Regular articleNeural correlates of incongruous visual information: An event-related fMRI study
Introduction
Incongruity is the quality generated by the violation of norms and expectations built up over a lifetime. Multiple behavioral studies have shown a memory advantage for incongruous versus commonplace material (e.g., Riefer and LaMay, 1998). This result is commonly known as the “bizarreness effect.” To provide a better understanding of the neural correlates of this effect, we conducted a functional magnetic resonance imaging (fMRI) experiment directly contrasting responses evoked by incongruous versus ordinary visual stimuli.

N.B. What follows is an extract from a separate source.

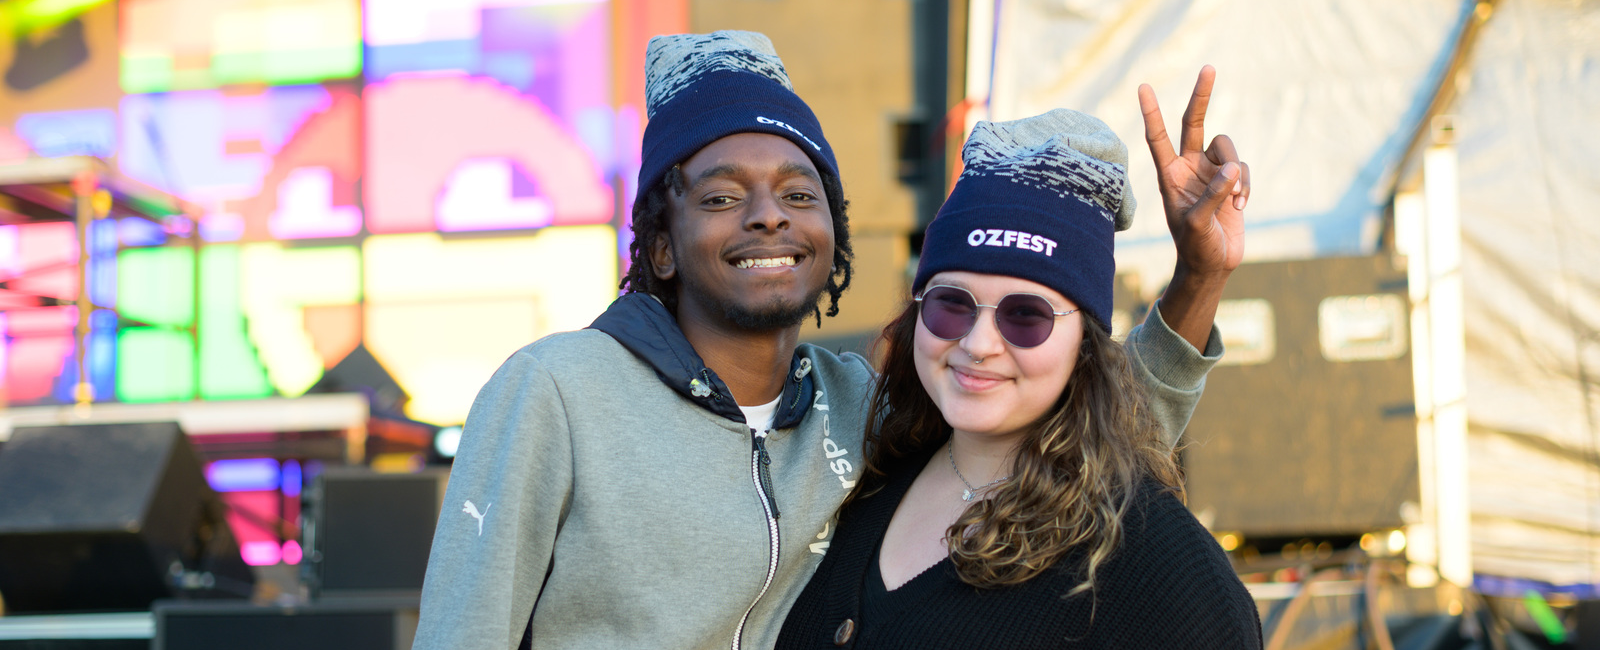 Male and female student in Oz Fest beanies with a colorful stage backdrop

A corresponding memory advantage was demonstrated for incongruous over ordinary stimuli in a behavioral recognition experiment.
Previous studies have established that semantically incongruous sentences (e.g., “The soldier licked the kittens”) are better recalled than ordinary sentences (e.g., “The man read a book”) Cornoldi et al 1988, Hirshman et al 1989, McDaniel and Einstein 1986, Nicolas and Marchal 1996, Riefer and LaMay 1998, Worthen and Marshall 1996. Incongruity in these studies typically is induced by violating semantic consistency, for example, by attributing human actions to animals and artifacts or vice versa. Subjects typically are asked to read incongruous and ordinary sentences with attention to semantic content. A memory advantage on subsequent testing for incongruous material has so far been reliably demonstrated mostly with recall (as opposed to recognition) tasks and with mixed (including incongruous and ordinary items) rather than pure lists.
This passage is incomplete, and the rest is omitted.